ECS Task Scanning (Fargate Launch Type Supported)

JFrog Security User Guide

Runtime supports scanning containerized applications deployed as ECS tasks in AWS. This includes tasks running on both Fargate and EC2 launch types. Fargate is a serverless compute engine for containers that removes the need to manage EC2 infrastructure.

With this support, Runtime can securely connect to your AWS environment, discover ECS tasks (including those running on Fargate), and analyze them for security risks using stored AWS credentials.

Before You Begin

Before integrating Fargate with JFrog Runtime, perform the following setup in your AWS account:

  • Create a dedicated AWS IAM user
    Go to AWS Console → IAM → Users and create a new user for integration with JFrog Runtime.
    • Username: Any name (e.g., jfrog-runtime-user)
    • Programmatic Access: Enabled
    • Permissions: Attach a policy that allows the following actions:
      • ecs:List*
      • ecs:Describe*
      • iam:List*
      • cloudwatch:Get*
      • logs:Describe*
      • logs:Get*

These permissions enable ECS and Fargate discovery and scanning.

  • Generate access keys
    • After creating the user, generate an Access Key ID and Secret Access Key.
    • These values will be used to authenticate JFrog Runtime with AWS.

Integration Process

Once your AWS user is ready, follow this step-by-step process to enable Fargate scanning.
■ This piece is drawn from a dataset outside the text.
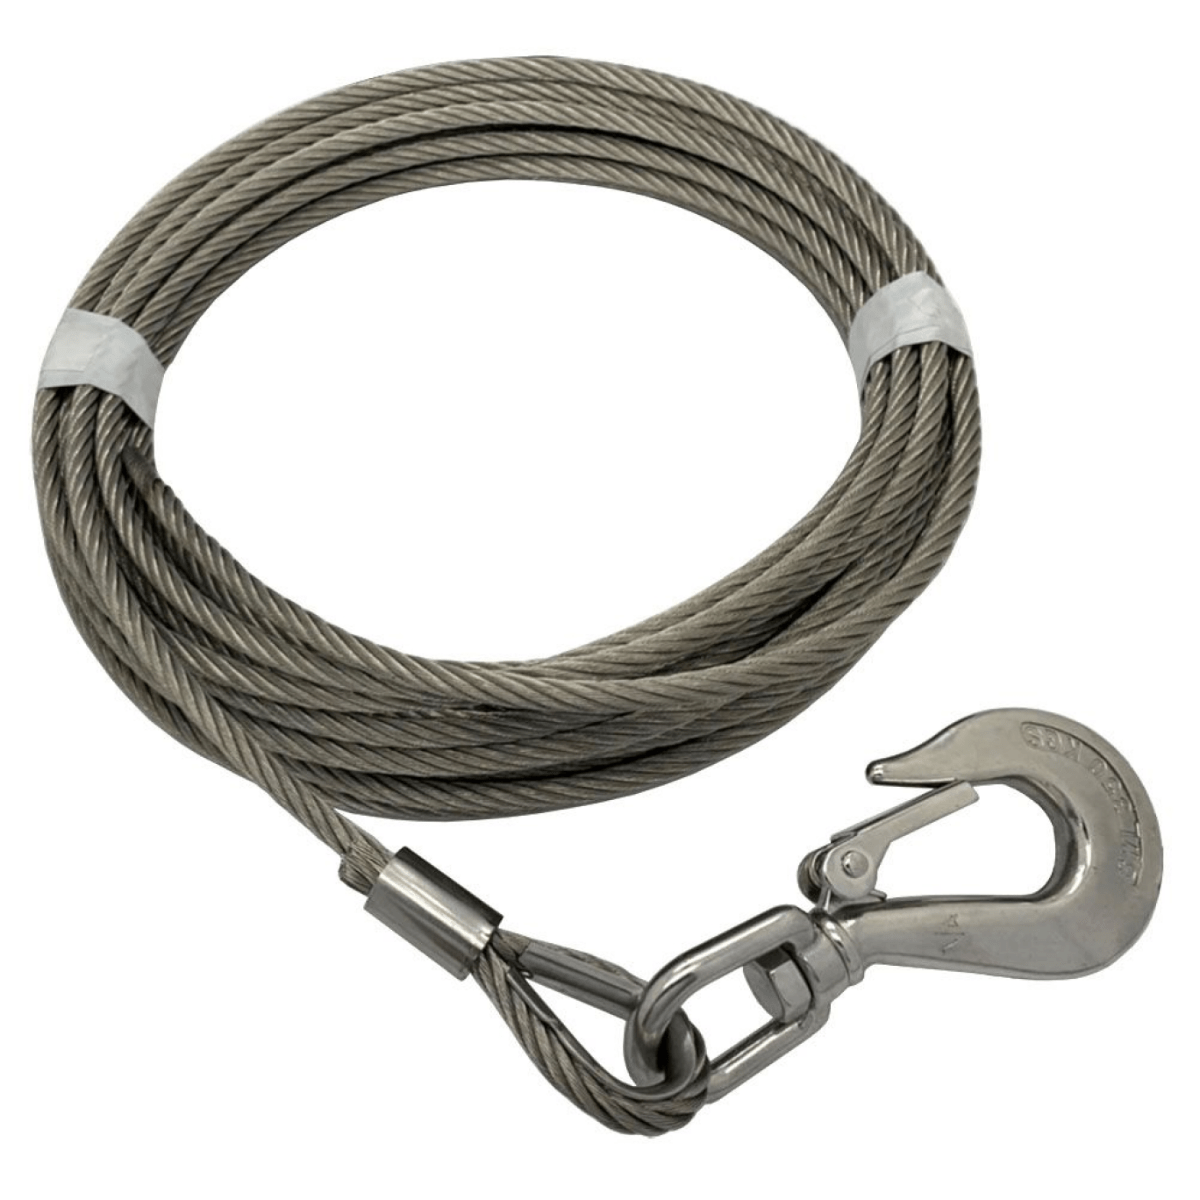 https://icbrindle.com/media/catalog/product/cache/6bbb8cd0d1cbc640265b606c71457640/s/t/stainless_steel_wire_rope_winch_cable_with_hook.png

  1. Store AWS credentials in JFrog.
    Use the AWS Credentials Management API:
bashCopyEditPOST /v1/aws/credentials

Request body:

jsonCopyEdit{
  "credentialName": "fargate-production",
  "accessKey": "<your-aws-access-key>",
  "accessSecret": "<your-aws-secret-access-key>"
}

Response:

jsonCopyEdit{
  "secretName": "fargate-production",
  "credentialId": "<generated-uuid>",
  "status": "ok"
}

You'll receive a status of "ok" and a credentialId (which is the UUID of the stored credentials).
Save this credentialId — it will be used to register ECS/Fargate scanning tasks.

Info

Save these values — they will be used to register ECS/Fargate scanning tasks.

  1. Register an ECS Task (Fargate launch type supported).
    Use the ECS Task Registration API (Fargate is supported natively):
bashCopyEditPOST /v1/aws/ecs/tasks

Request body:

jsonCopyEdit{
  "taskName": "fargate-scan-prod",
  "secretUUID": "<uuid-from-step-1>",
  "region": "us-east-1"
}

This registers the task to scan containers running in ECS (Fargate or EC2) in the specified region.

Reviewing Scan Results

To view scan outcomes and live status:

  1. In the JFrog Platform, navigate to Runtime > Live Assessments.
  2. Filter or search for your registered Fargate task (by name or region).
  3. View vulnerability, compliance, and risk assessments.